Maybe you’re writing about a woman who grew up poor. Maybe about a woman who was left at the altar by her fiancĂ©. Maybe you’re writing about a man who found his wife in bed with his best friend. Or about a woman whose best friend was killed in an accident. Maybe your hero went through a particularly bitter divorce. There are infinite possibilities, but readers won’t really care about the past unless there’s some real connection to the present.

Readers really begin to care about the character’s past when they perceive a threat of the past being repeated.

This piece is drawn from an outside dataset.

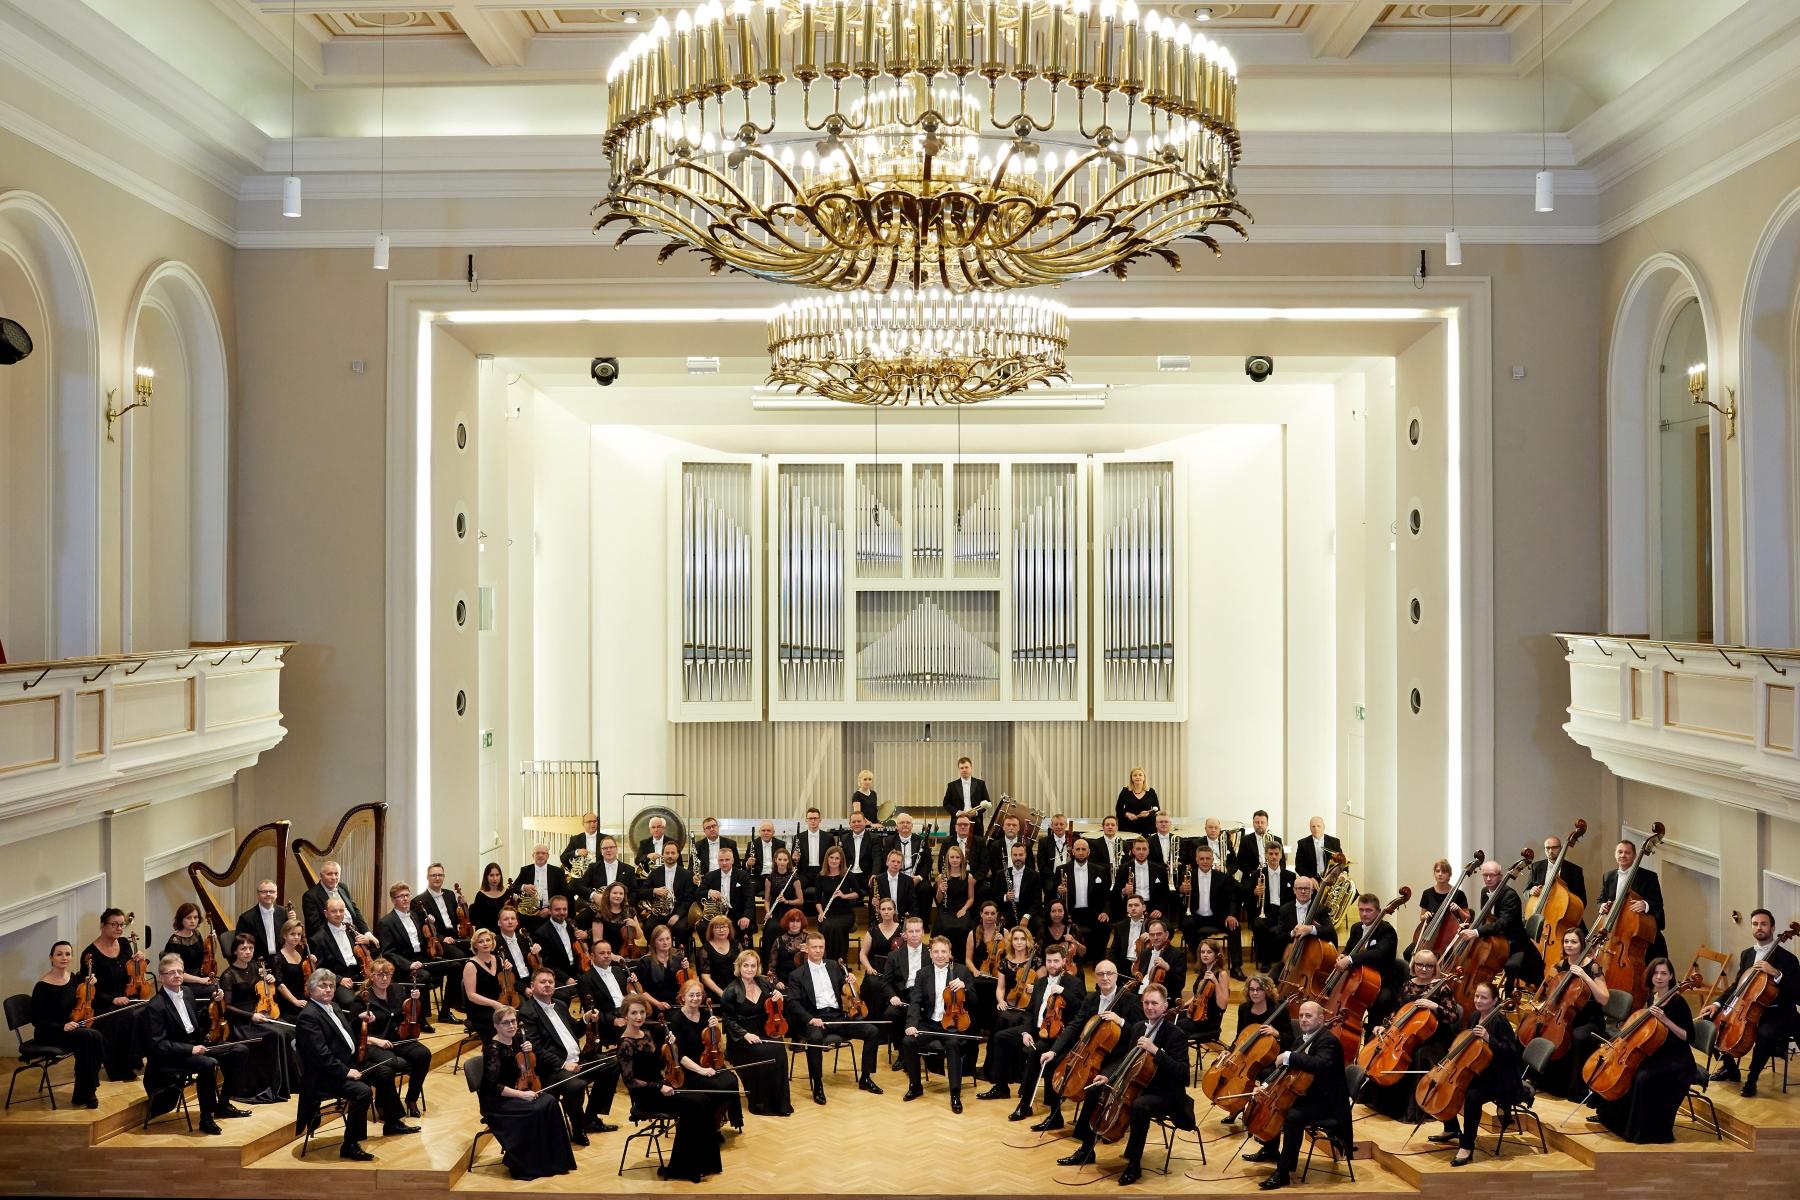 Orkiestra Symfoniczna Filharmonii Śląskiej fot. Karol Fatyga

Growing up poor doesn’t matter much unless your protagonist suddenly finds herself in desperate need of money or she starts to fall in love with a wealthy man. . . or a poor one. Her financial background isn’t really an issue unless the current conflict makes it one.

Likewise, with internal conflict, timing is everything. Your heroine who has sworn off men completely isn’t likely to spot that hot hero and suddenly start worrying about the fact that he lives in L.A. and she lives in Paris. The idea that they live on opposite sides of the world doesn’t even become an issue until later, after she’s resolved some of her internal conflicts so they can develop some kind of relationship.

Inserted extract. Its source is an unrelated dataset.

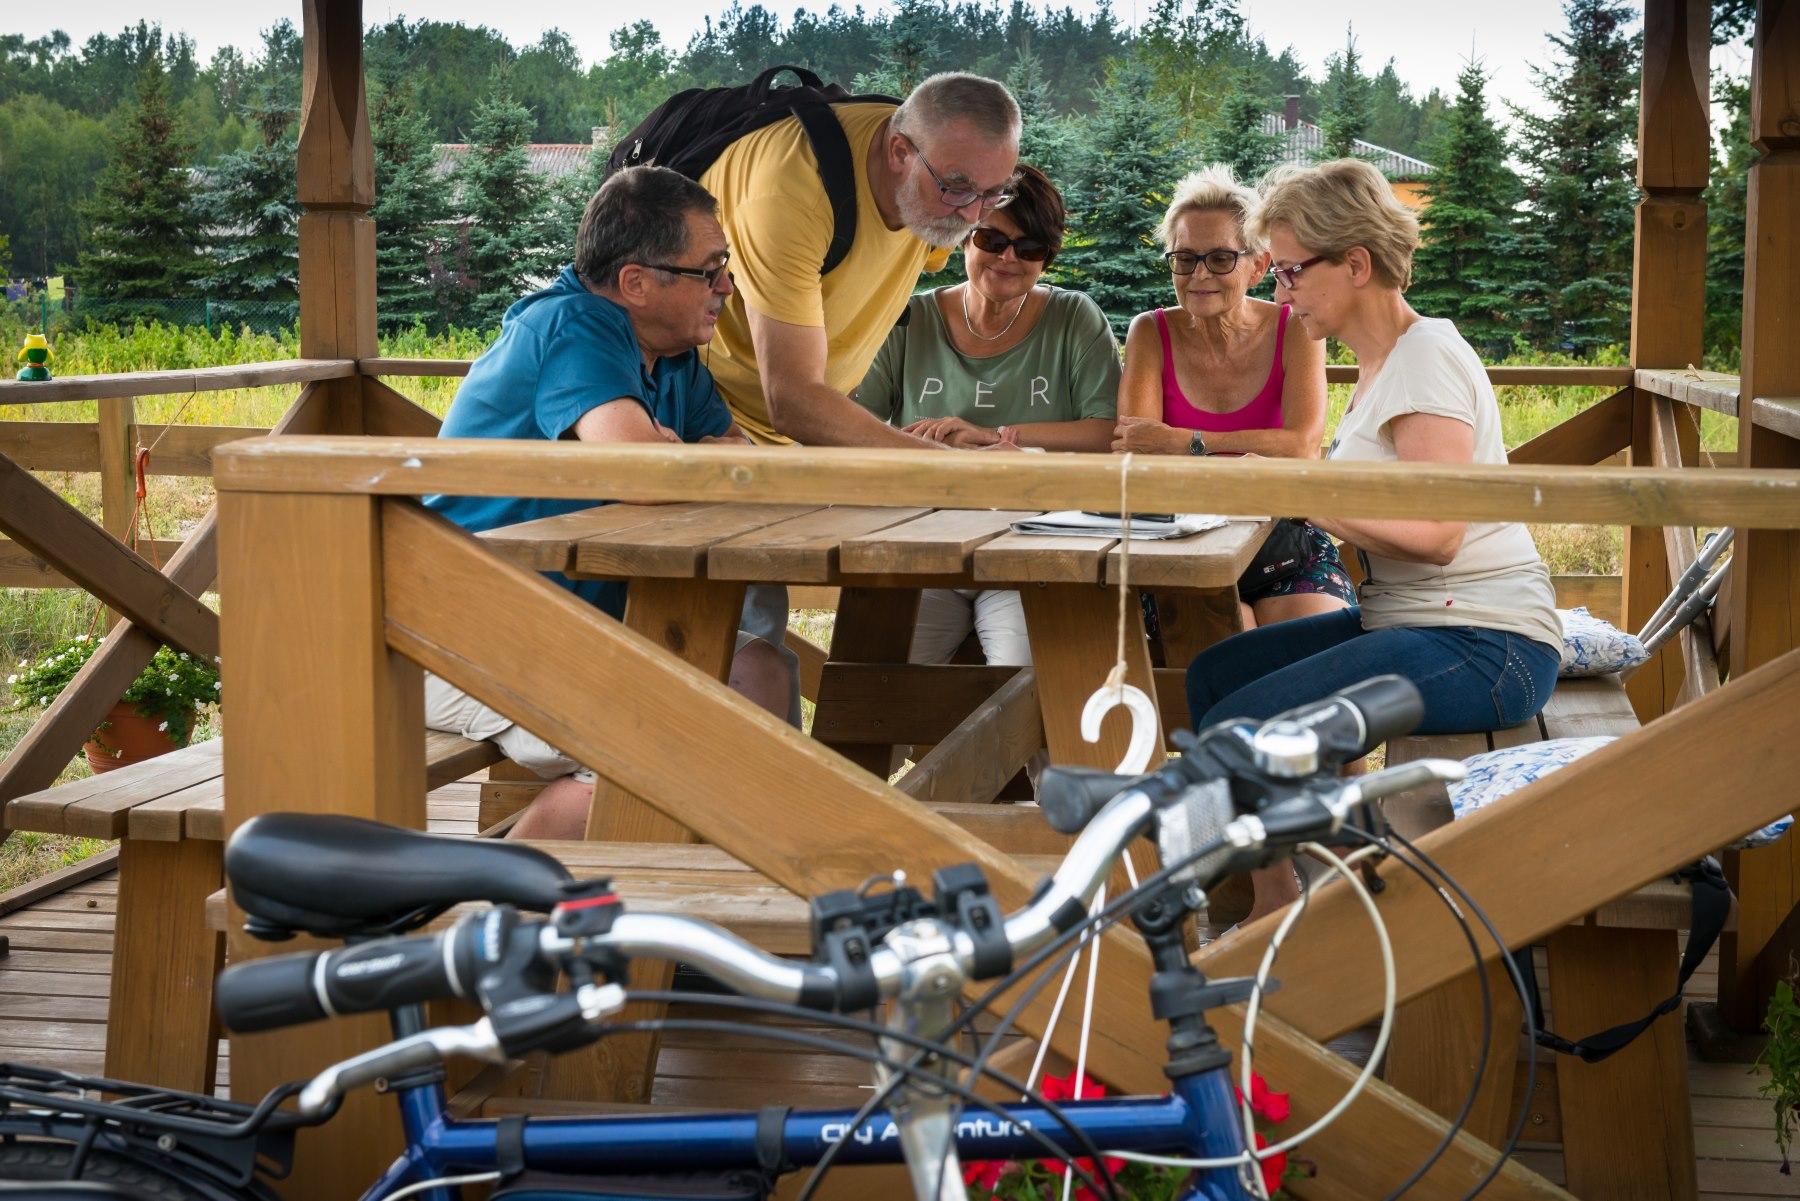 Osoby w średnim wieku oglądają mapę i planują podróż

As I start planning layers of conflict, I ask myself a couple of questions repeatedly: “What if this conflict were resolved? What would keep my hero and heroine from getting together (or my protagonist from achieving his goal) then?” If my protagonist is searching for the kidnapped scientist and the missing formula for a biological weapon, what will keep my protagonist from saving the day if he finds the professor on page 150? Either I need a new conflict to arise at that point, or I need a twist on the original conflict. And if that conflict is resolved on page 200? Again, I need either a new conflict or another twist.

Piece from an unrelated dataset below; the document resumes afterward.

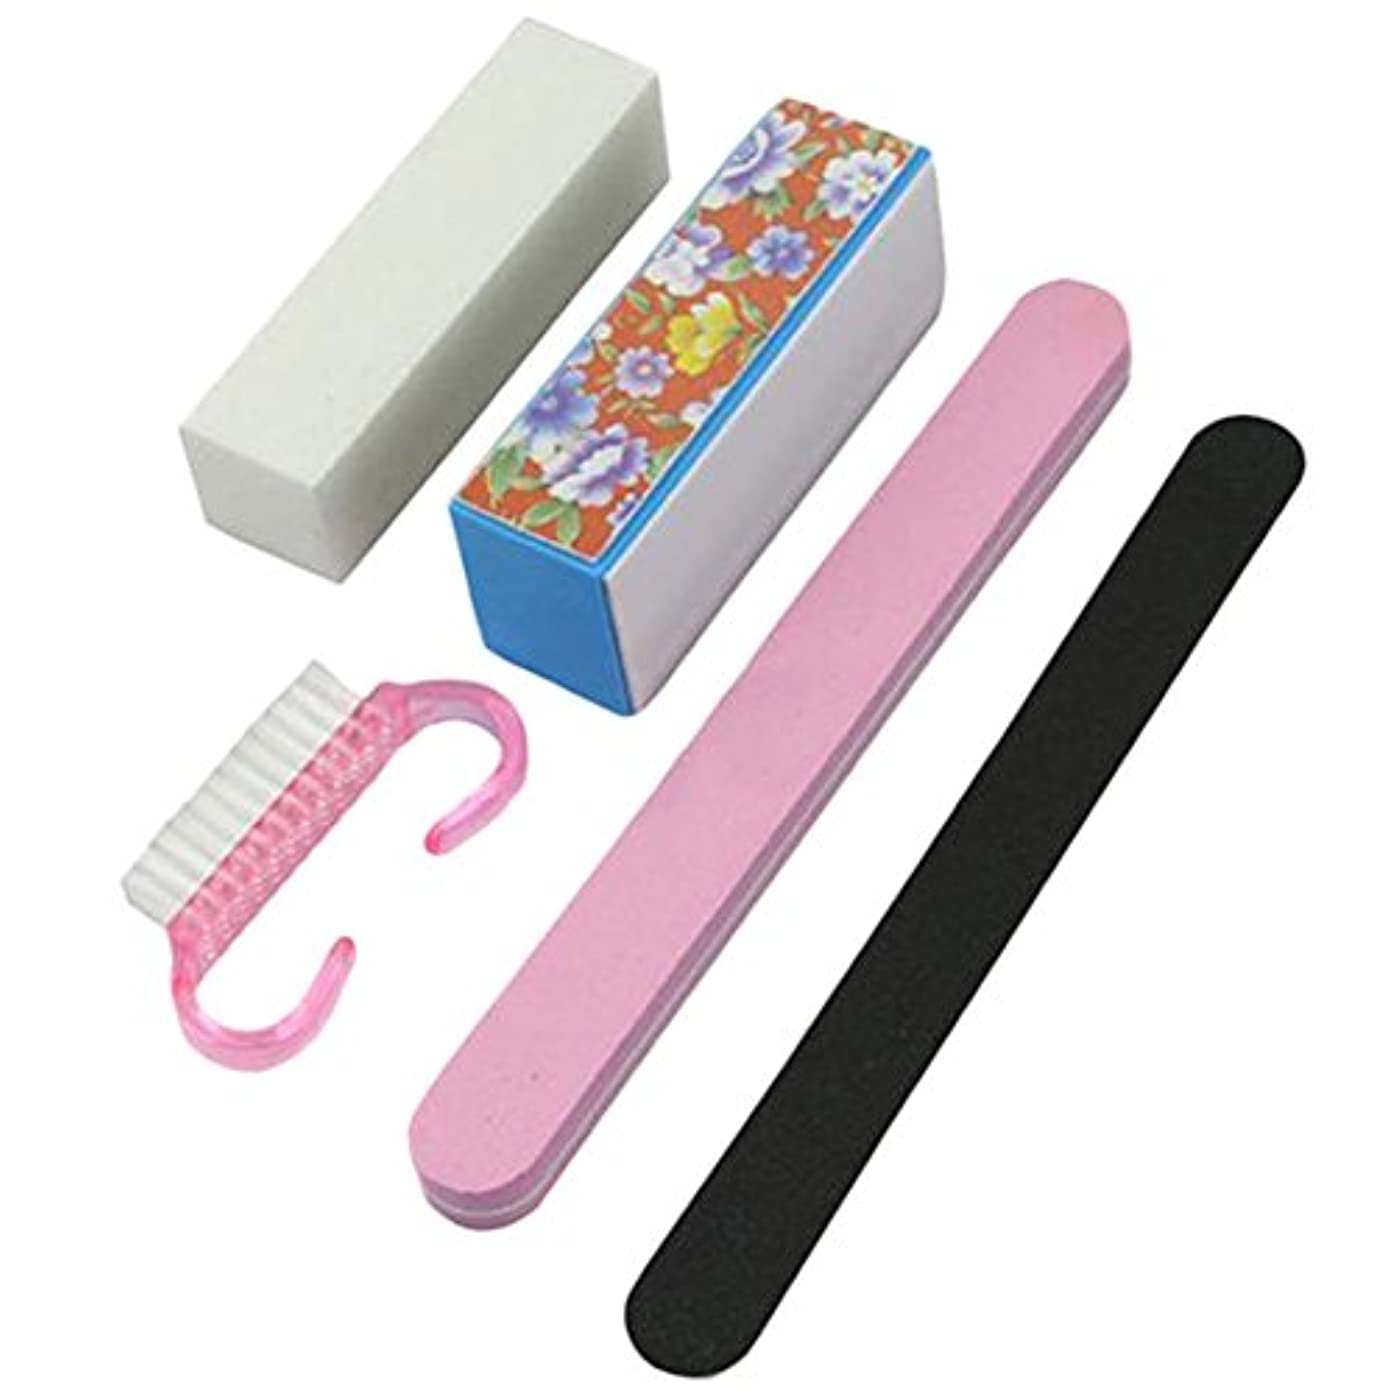 行列学部役員YideaHome ネイルファイル 爪やすり 爪磨き ネイルケア 5点セット ジェルネイル用ファイル

The more layers of conflict you can find to torment your characters, the less chance you have of running into saggy middle problems or endlessly repeating yourself. Each book will be different, of course. In one book it may work best to introduce the conflicts during the first part of the book and resolve them at the end. In another book, some conflicts may only arise after another is resolved.

Figuring out how and when to introduce, heighten, and then resolve your conflicts is a function of your internal editor—that much maligned, but endlessly useful part of ourselves that we too often try to keep chained up and out of the way.

Your internal editor understands the necessity of logic in a way that your creative self doesn’t, and faulty logic can be the death of an otherwise remarkable piece of fiction. Your characters might be brilliantly drawn, your setting painted beautifully, your voice crisp and unique, and your plot well thought out, but you can kill all of that with illogical actions/reactions, by introducing goals and forgetting to let your characters actually pursue them, or by creating “conflict” that sounds good but never actually creates a problem for the character.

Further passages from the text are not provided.